Tuesday, September 13, 2022

WYG Countdown Prompt Take 2

 I am writing about this prompt again because it was asked in the Getting Started file to explore this prompt a few times before the course actually starts. I am currently trying to finish reading It's Ok That You're Not Ok before the 13th and I have been thinking about a few things.

Like how I am not going to write about things past a certain depth. Like, yes, I listed that my father is a point of grief for me, and I realized that while reading Chapter 8 on the portion on the difference between not wanting to be alive and the desire to commit suicide not being the same thing--and it brought me back to my father, and how after his brother, Bill, died, he began drinking even more and he ended up drinking himself to death basically. There was a moment where he was in the hospital with a heart attack for maybe the third time, which was the last time before he died, and I think it was after he had go into rehab and scrubbed out, I recall thinking to my maybe 9 year old self that I wasn't sure why I wasn't enough for him to stick around. It was a deep profoundly sad thing for anyone, let alone a 9 year old, to be thinking (and my kids are just a year younger than that, which is also something to consider), and I hadn't thought of this moment in a long long time. 

When he did die almost two years later, I got to talk to him on the phone the night before he died. We were supposed to go see him in the hospital, which was bending the rules for me to be let in because those children under 12 were not normally allowed in, but for some reason, we didn't go. So instead we talked on the phone.

My father was always my writing and reading cheerleader. He took me to the library every Saturday. We would spend hours there. He would go over to the adult side and I would go over to the children's side. I would enjoy story time, and spend hours browsing books and playing with the speak n spell and the other 1980s math technology they had there. He would often sneak in alcohol and drink while he was on the adult side; occasionally I would find him snoozing in the sun, sitting in a nubby orange chair in the sunlight let in by one of the bubble windows in the library.

He encouraged me to write, and I would perform my writing for him and read him my stories. And he always encouraged me to write more and be more creative.

I read him a story on the phone like I would have in person, and we chatted about who recalls what, but then it was time for me to go to bed, and Mom wanted to talk to Dad. He said that he loved me and I said that I loved him too and called down the stairs for Mom to pick up the phone to talk to him.

Sometime that night, he slipped into a coma and he died the next day.

I got to tell him I loved him before he died.
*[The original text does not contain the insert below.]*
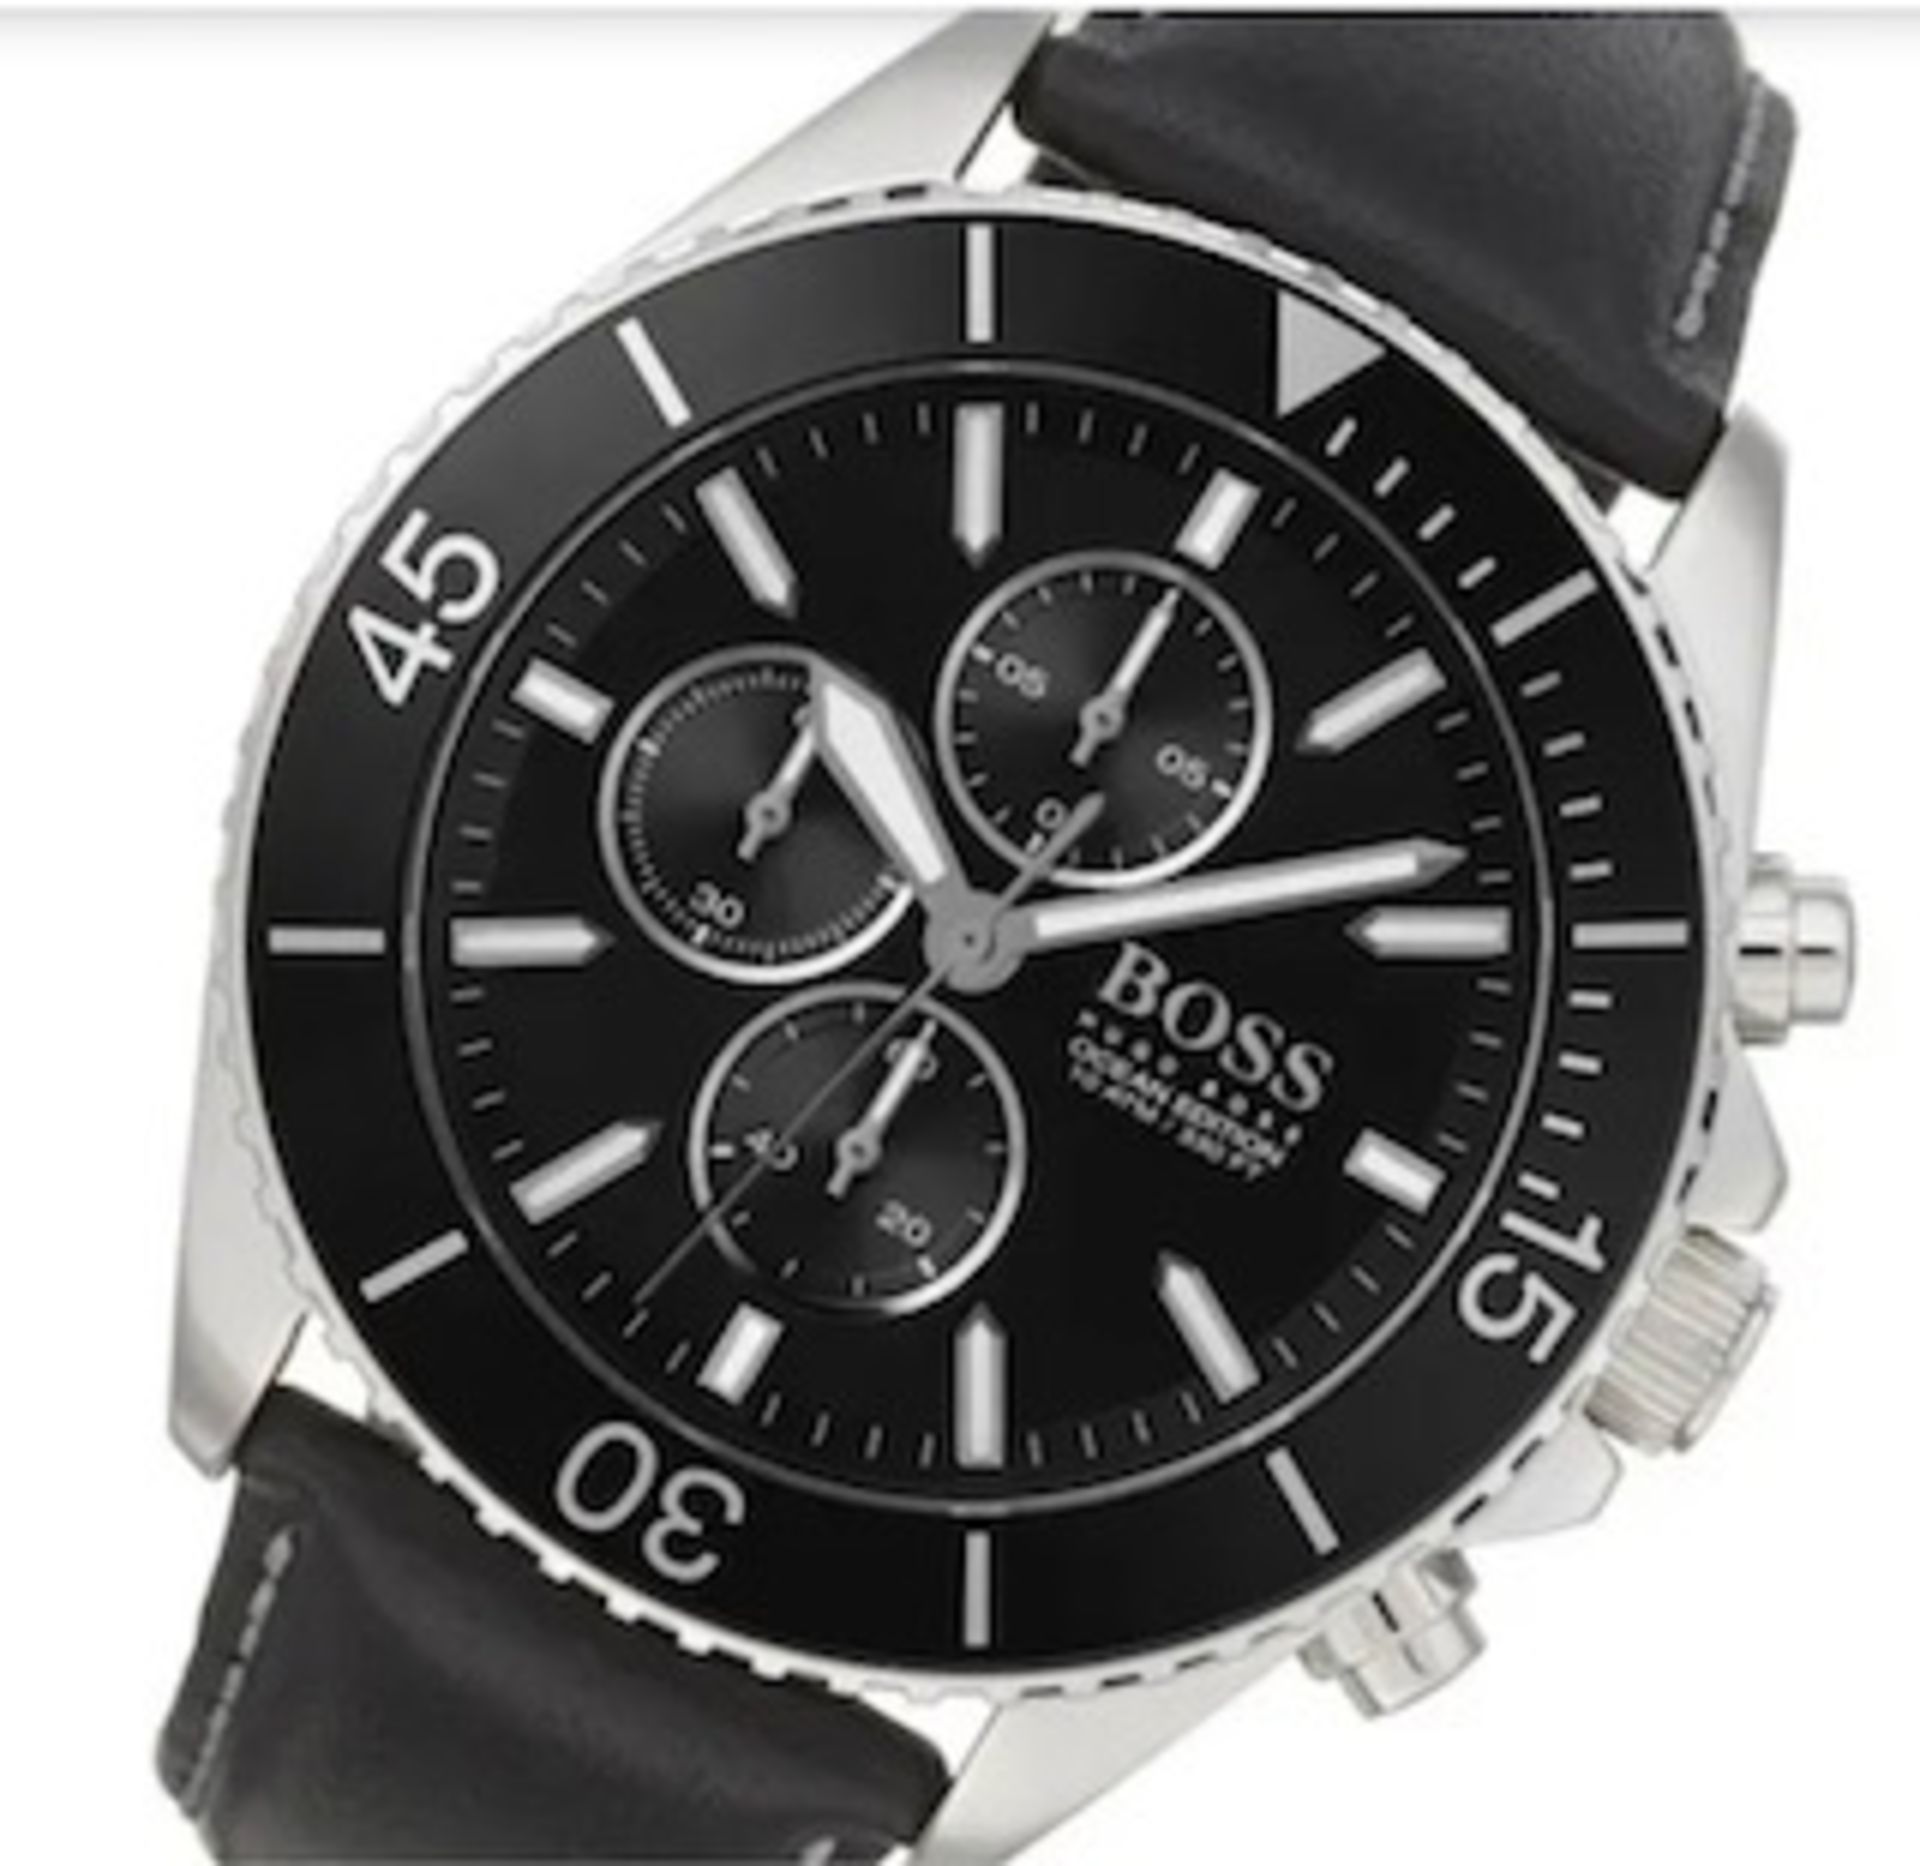 Hugo Boss 1513697 Men's Ocean Edition Black Leather Strap Chronograph Watch - Image 3 of 5

I realized how special that was later on in life, because so many people didn't get to do that.

Even later on in life, I realized that he had a problem. He was an alcoholic when he was alive, and now I have come to realize that his grief for his brother's death consumed him. He went beyond not caring if he lived or died. He just did what he had to do to die.

But I don't feel like I want to go into this pain, or deeply into other pain. It's going to hurt and i worry about staring into the abyss and what will be staring back. 

At the end of chapter 7, there was a discussion of observing your moods, and what triggers the 'imaginary unwinnable battles [that] are not a kindness'. These unwinnable battles come from anxiety, which I definitely suffer from.

And the anxiety is putting up a block.

What if it gets worse?

What if it feels worse?

What if my emotions and my reactions to them negatively affect Orson more than they already do?

What if my emotions and my negative reactions to them destroy my marriage? My relationships?

I know I need to be brave and charge the anxiety with the following questions back:

What if this makes it better?

What if this makes me feel better?

What if by processing my emotions and my reactions to them, I can save my son and my relationships and my marriage?

These are the questions I need to focus on but it is just hard. So hard.